Contraindications: The IN.PACT Admiral DCB is contraindicated for use in:

  • Coronary arteries, renal arteries, and supra-aortic/cerebrovascular arteries
  • Patients who cannot receive recommended antiplatelet and/or anticoagulant therapy
  • Patients judged to have a lesion that prevents complete inflation of an angioplasty balloon or proper placement of the delivery system
  • Patients with known allergies or sensitivities to paclitaxel
  • Women who are breastfeeding, pregnant or are intending to become pregnant or men intending to father children. It is unknown whether paclitaxel will be excreted in human milk and whether there is a potential for adverse reaction in nursing infants from paclitaxel exposure.

Warnings

  • Use the product prior to the Use-by Date specified on the package.
  • Contents are supplied sterile. Do not use the product if the inner packaging is damaged or opened.
  • Do not use air or any gaseous medium to inflate the balloon. Use only the recommended inflation medium (equal parts contrast medium and saline solution).
  • Do not move the guidewire during inflation of the IN.PACT Admiral DCB.
  • Do not exceed the rated burst pressure (RBP). The RBP (14 atm [1419 kPa]) is based on the results of in vitro testing. Use of pressures higher than RBP may result in a ruptured balloon with possible intimal damage and dissection.
  • The safety and effectiveness of implanting multiple IN.PACT Admiral DCBs with a total drug dosage exceeding 20,691 µg of paclitaxel in a patient has not been clinically evaluated in the IN.PACT SFA Trial.

Precautions

  • This product should only be used by physicians trained in percutaneous transluminal angioplasty (PTA).
  • This product is designed for single patient use only. Do not reuse, reprocess, or resterilize this product. Reuse, reprocessing, or resterilization may compromise the structural integrity of the device and/or create a risk of contamination of the device, which could result in patient injury, illness, or death.
  • Assess risks and benefits before treating patients with a history of severe reaction to contrast agents.
  • The safety and effectiveness of the IN.PACT Admiral DCB used in conjunction with other drug-eluting stents or drug-coated balloons in the same procedure or following treatment failure has not been evaluated.
  • The extent of the patient’s exposure to the drug coating is directly related to the number of balloons used. Refer to the Instructions for Use (IFU) for details regarding the use of multiple balloons and paclitaxel content.
  • The use of this product carries the risks associated with percutaneous transluminal angioplasty, including thrombosis, vascular complications, and/or bleeding events
  • Vessel preparation using only pre-dilatation was studied in the clinical study. Other methods of vessel preparation, such as atherectomy, have not been studied clinically with IN.PACT Admiral DCB.

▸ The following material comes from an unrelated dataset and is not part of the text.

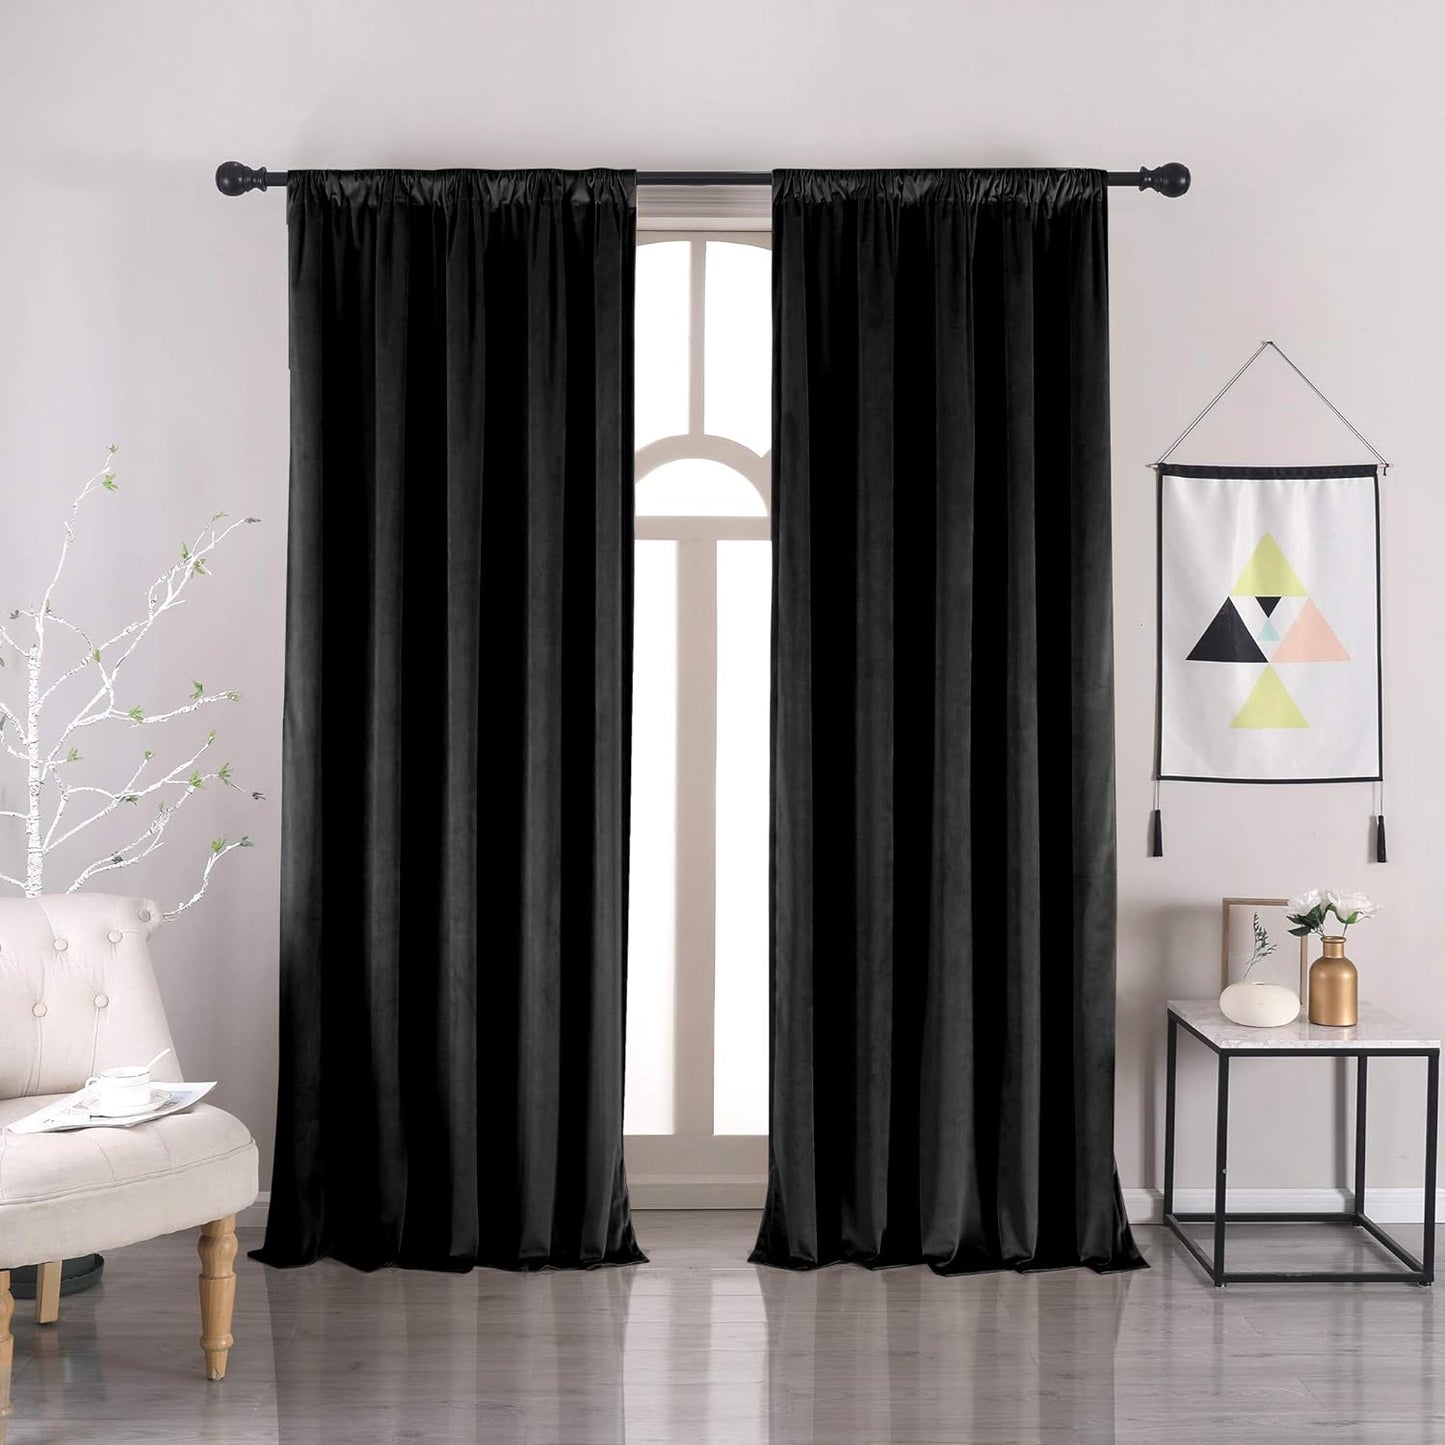 Nanbowang Green Velvet Curtains 63 Inches Long Dark Green Light Blocking Rod Pocket Window Curtain Panels Set of 2 Heat Insulated Curtains Thermal Curtain Panels for Bedroom  nanbowang Black 52"X72"

Potential Adverse Events: Adverse events that may occur or require intervention include, but are not limited to the following: abrupt vessel closure; access site pain; allergic reaction to contrast medium, antiplatelet therapy, or catheter system components (materials, drugs, and excipients); amputation/loss of limb; arrhythmias; arterial aneurysm; arterial thrombosis; arteriovenous (AV) fistula; death; dissection; embolization; fever; hematoma; hemorrhage; hypotension/hypertension; inflammation; ischemia or infarction of tissue/organ; local infection at access site; local or distal embolic events; perforation or rupture of the artery; pseudoaneurysm; renal insufficiency or failure; restenosis of the dilated artery; sepsis or systemic infection; shock; stroke; systemic embolization; vessel spasms or recoil; vessel trauma which requires surgical repair.

Potential complications of peripheral balloon catheterization include, but are not limited to the following: balloon rupture; detachment of a component of the balloon and/or catheter system; failure of the balloon to perform as intended; failure to cross the lesion.

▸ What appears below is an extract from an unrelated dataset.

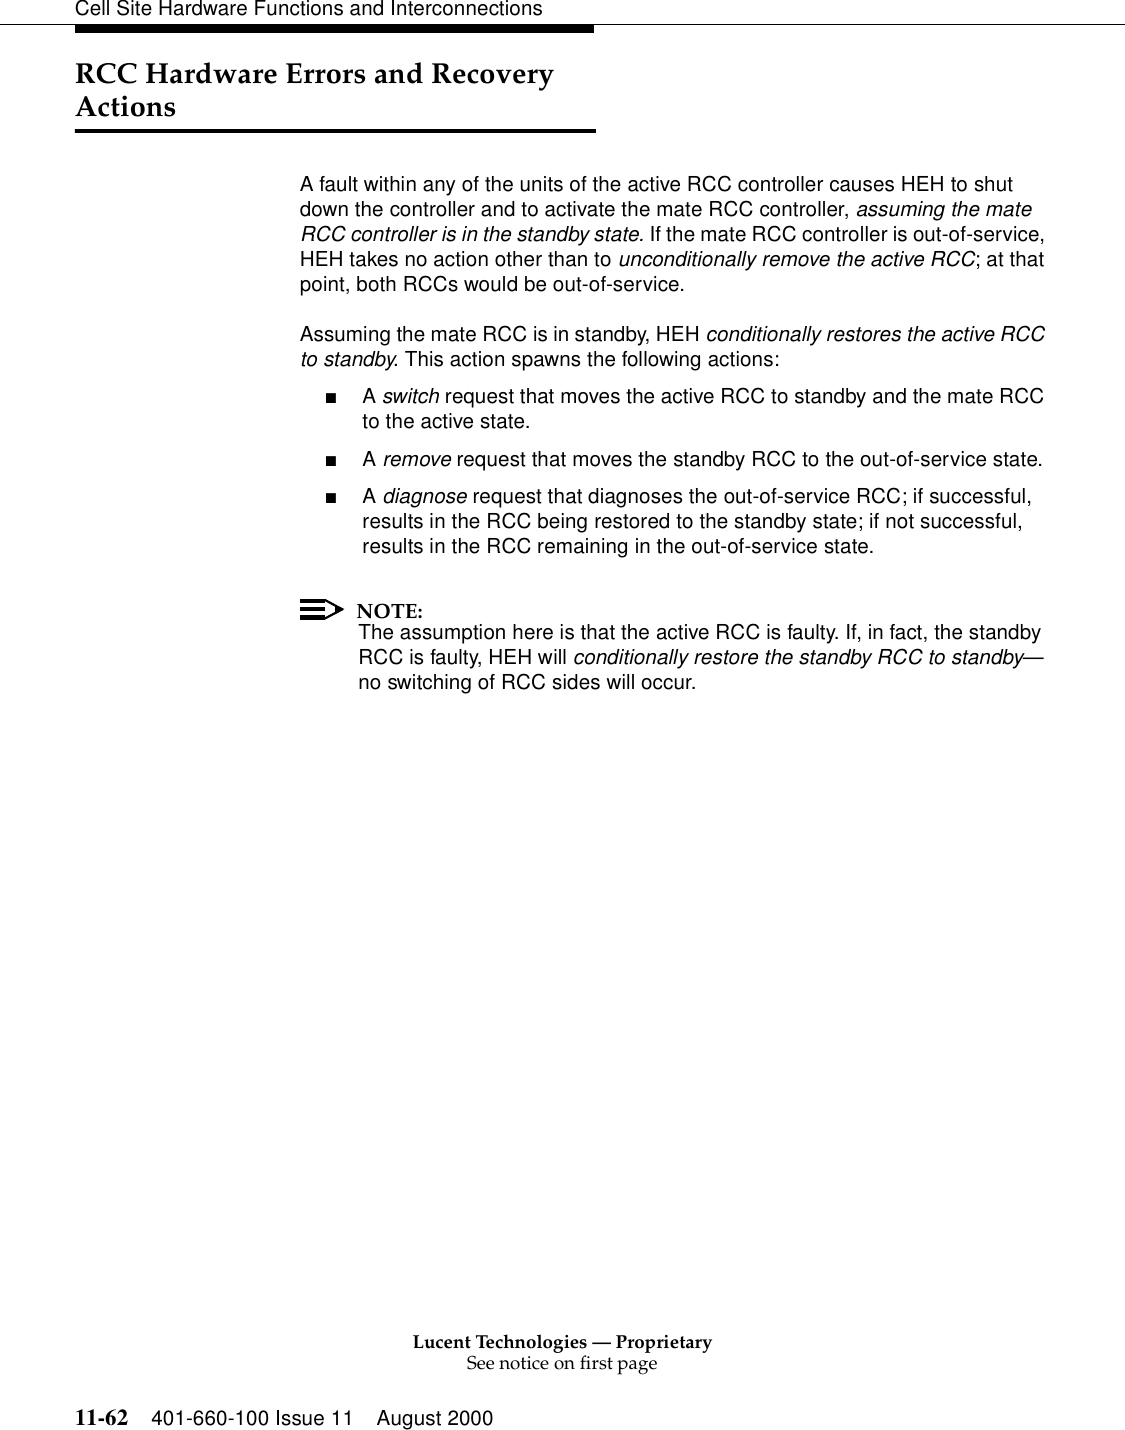 Lucent Technologies — ProprietarySee notice on first page11-62 401-660-100 Issue 11 August 2000Cell Site Hardware Functions and InterconnectionsRCC Hardware Errors and Recovery ActionsA fault within any of the units of the active RCC controller causes HEH to shut down the controller and to activate the mate RCC controller, assuming the mate RCC controller is in the standby state. If the mate RCC controller is out-of-service, HEH takes no action other than to unconditionally remove the active RCC; at that point, both RCCs would be out-of-service.Assuming the mate RCC is in standby, HEH conditionally restores the active RCC to standby. This action spawns the following actions:■A switch request that moves the active RCC to standby and the mate RCC to the active state.■A remove request that moves the standby RCC to the out-of-service state.■A diagnose request that diagnoses the out-of-service RCC; if successful, results in the RCC being restored to the standby state; if not successful, results in the RCC remaining in the out-of-service state.NOTE:The assumption here is that the active RCC is faulty. If, in fact, the standby RCC is faulty, HEH will conditionally restore the standby RCC to standby—no switching of RCC sides will occur.

Although systemic effects are not anticipated, potential adverse events that may be unique to the paclitaxel drug coating include, but are not limited to: allergic/immunologic reaction; alopecia; anemia; gastrointestinal symptoms; hematologic dyscrasia (including leucopenia, neutropenia, thrombocytopenia); hepatic enzyme changes; histologic changes in vessel wall, including inflammation, cellular damage, or necrosis; myalgia/arthralgia; myelosuppression; peripheral neuropathy.

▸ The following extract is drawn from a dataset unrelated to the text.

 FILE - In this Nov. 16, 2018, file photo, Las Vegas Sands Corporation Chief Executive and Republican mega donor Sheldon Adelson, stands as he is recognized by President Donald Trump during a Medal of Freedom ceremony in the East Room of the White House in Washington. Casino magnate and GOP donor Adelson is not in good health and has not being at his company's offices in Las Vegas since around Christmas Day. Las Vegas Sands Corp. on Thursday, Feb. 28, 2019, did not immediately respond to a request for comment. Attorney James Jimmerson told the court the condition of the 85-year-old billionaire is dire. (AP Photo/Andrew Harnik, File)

Refer to the Physician’s Desk Reference for more information on the potential adverse events observed with paclitaxel. There may be other potential adverse events that are unforeseen at this time.

Please reference appropriate product Instructions for Use for a detailed list of indications, warnings, precautions and potential adverse events. This content is available electronically at www.manuals.medtronic.com.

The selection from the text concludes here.